Hi Al,
On 8/12/2014 4:01 AM, alb wrote:
> Don Y<
th...@is.not.me.com> wrote:
>
>> MSWord isn't good for anything -- even a one page memorandum! Wait
>> until you discover that you can't access documents created with
>> version N-2 or whatever!<frown>
>
> This is something I do not understand. As a company we are trying to improve
> our processes and workflow in order to get a better product in less time and
> we pin point how important it is to check, verify, validate each technical
> step through the project's lifetime. Aside to that we have to deliver
> documentation, indeed a document is a component no less important than any
> other component in our system, is a part of it without which you cannot:
>
> A. prove you are doing it right
> B. prove you are doing it in time
>
> Then why there's such a large gap in process development applied to
> documentation? How can the stakeholders be at the mercy of tools like MS Word?

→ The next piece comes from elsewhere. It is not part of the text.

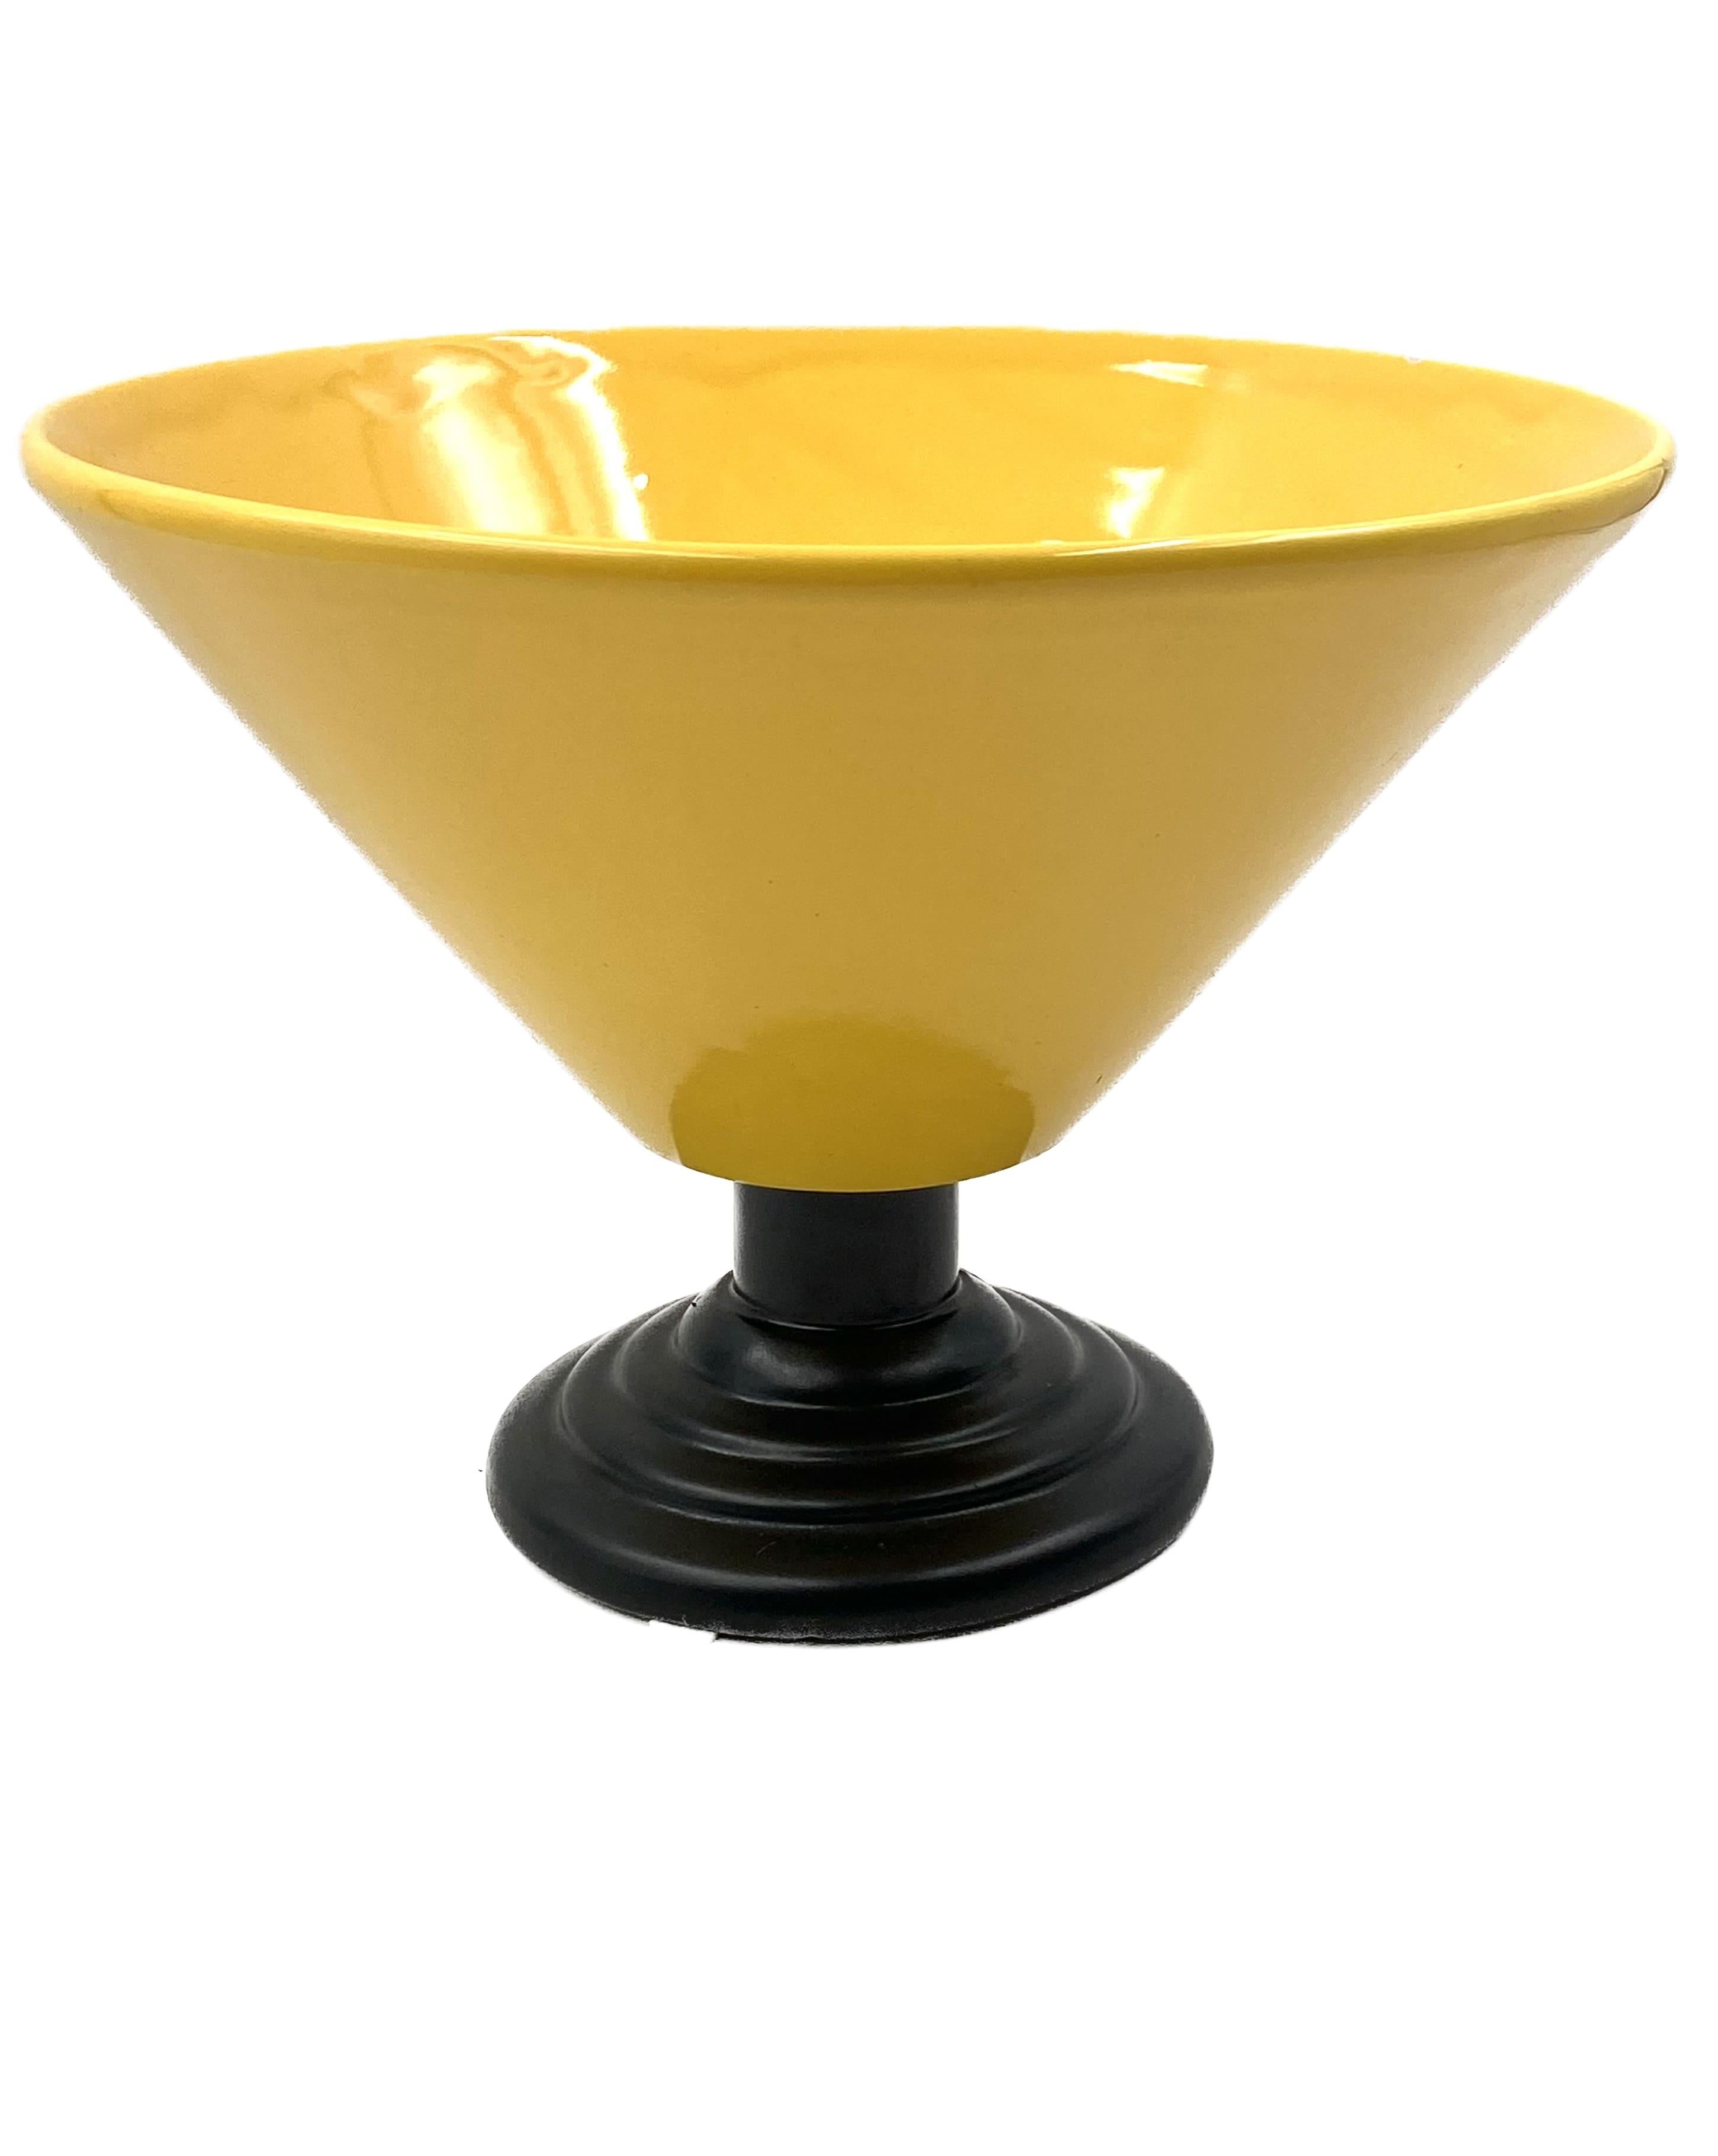 Late 20th Century Yellow Conic Vase, Postmodern Memphis Milan Style, Italy 1980s For Sale

Because folks treat documentation as a "checkoff" item:
Have documentation? YES NO
Many people/organizations don't produce formal specifications, test
plans, test results, etc. They just have some "random" collection
of paper that they can point at when asked about "documentation"...
and, no one has much interest in checking to see if any of it is correct
or USEFUL!
> I personally found that in our customer set of applicable documents there was
> some degree of inconsistency (24 requirements out of 2019) which may have been
> potentially costly if found at a later stage in the development.
I have long adopted the approach of writing a User's Manual before
beginning a design. It forms an informal specification -- in terms
that a user can understand (instead of "stuffy tech-speak"). And,
it helps me think about a *unified* approach to a design -- rather than
letting the design "evolve" (which seems to be the design methodology
du jour!) in unconstrained directions.
When that is done, a customer/client *knows* what the end product
will be like and can critique each design decision that the document
presents "as fact". It lets hypothetical users ask, "How do I..."
and "What if..." questions -- all of which SHOULD be covered in the
document.
At that point, the actual *implementation* is a piece of cake! All
of the decisions have already been made -- no fear of coming up with
two DIFFERENT approaches to two *similar* problems in the user
interface because "you got a better idea when working on the second".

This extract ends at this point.